The tan color handle in the photo is the 10" long overall ash wood handle that comes on the smaller Packard brand tools. I like this handle. I really just wanted to make a shorter version of this handle. But, I can't use this one because front end is to small. It is only 7/8" OD. No good. Because, I need to drill a 7/8" ID hole for a 5/8" Clewes QR Unit. You can see the gold colored QR unit in the photo. There is no way it is going into the Packard handle.
All of my tools have 5/8" OD tool shafts. They have a 5/8" OD shank or have a 5/8" OD bushing installed. Thus I decided to go with a 5/8" (rather than 1/4" or 1/2") Quick Release Unit from Jimmy Clewes.
Note: If you don't have a spare handles laying around. Then, you can start with a raw 2" x 2" x 10-1/2" hard wood blank. I would use Ash or Maple wood. Turn it down to a handle shape. Then proceed to the next step.
I started by shortening the handle blank to 10" long. You can see in the photo that I mounted
the handle in my 3 jaw metal lathe chuck on my wood lathe. Then, I used a parting tool to part it
off at 10".
Note: If you don't have a 3 jaw metal lathe chuck then you can use a wood lathe chuck with Spigot Jaws or what ever you have.
After parting off I needed to mark center. I need to drill a 7/8" diameter hole for the QR
unit in the photo.
I hate doing this! Things never really come out dead on center. I used the center marking jig in the photo. When you use one of these jigs you have to make lots of lines then take the average in the center.
I always ice pick my centers to make things easier to mount on the lathe.
This photo shows the blank ready to be drilled with a 7/8" diameter frostner bit mounted in
the headstock. I used my 3 jaw metal chuck to mount the drill in the headstock.
I like to drill things on the lathe with the drill firmly mounted in the headstock. Push the STATIONERY blank into the SPINNING drill with the tailstock handwheel. This creates a lot less headaches for me. The no swearing method. I have found that holding the blank still with my hand is a lot easier than trying to spin the blank in the headstock with out screwing up one, or both ends of the blank.
Note: If you don't have a 3 jaw metal lathe chuck then you can use a morse tapper drill chuck (Jacobs chuck) mounted in the headstock.
A good photo of the 7/8" frostner bit ready to drill.
Note: If you don't have a frostner bit. Then you can use a 7/8" diameter flat spade bit. Or what ever. I have found the frostner bit works best. It drills nice straight holes.

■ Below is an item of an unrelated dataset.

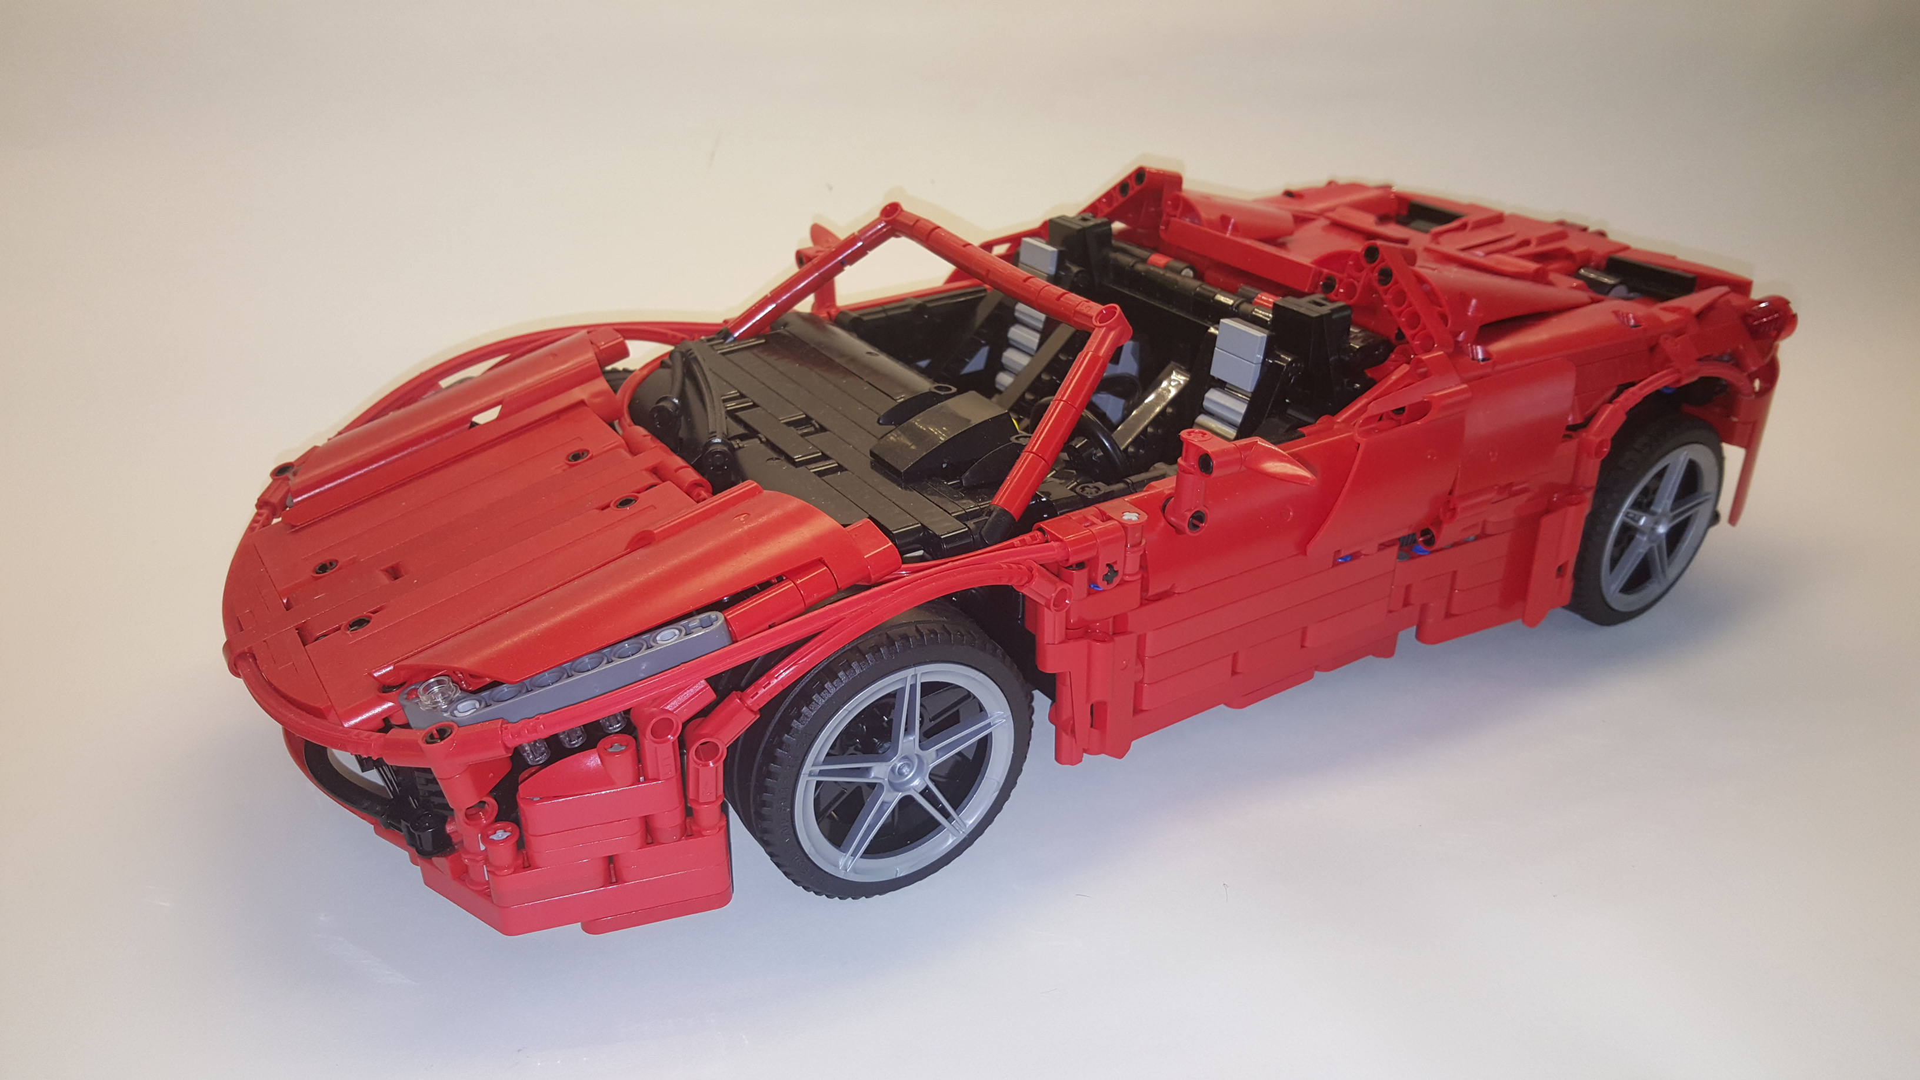 Lego Moc 1767 Red Spider Technic 2014 Rebrickable

This photo shows the 5/8" Clewes QR Unit test fit in the hole. A little off center, but good enough for government work.
The Clewes QR Units come with a really nice 1/4" wide ferrule.
The ferrule reinforces the wood. Prevents spitting. Most wood handles come with a wider ferrule. 3/4" wide or wider. You really don't need that much. 1/4" wide is enough!
I mounted the handle on the lathe. Then cut a tenon that matches the ferrule that came with the Clewes QR Unit.
I cheated and just used the frostner bit in the headstock. I drove the blank onto the frostner bit with the tailstock. The bit is jammed into the wood and does not spin.
Using the frostner bit to drive the work while turning did not work out well in the long run. Things came out a little off center. Thus, if I had to do this again, I would probably mount a 1" dowel in the headstock and then turn it down to 7/8" diameter. Then jam my handle with 7/8" diameter hole over the 7/8" dowel.
Beware! Using a frostner bit like this is a good way to kill one. If the wood spins on the bit it will burn the bit.
I used a set of calipers to check the diameter of the tenon for the ferrule.
Any set of calipers will do. You do NOT need the fancy ones in the photo.
I temporarily put the ferrule in place. Then I turned the handle shape down to meet the
ferrule. See photo.
I stained the exposed wood a nice brown color after sanding. See next photo.
I glued the QR Unit in place. I followed the instructions Jimmy ships with the QR Unit. Rough up the inside of the hole. Protect the parts you don't want glue on with masking tape. Glue the ferrule in place, then glue the QR Unit in place. I used good West System 5 minute epoxy.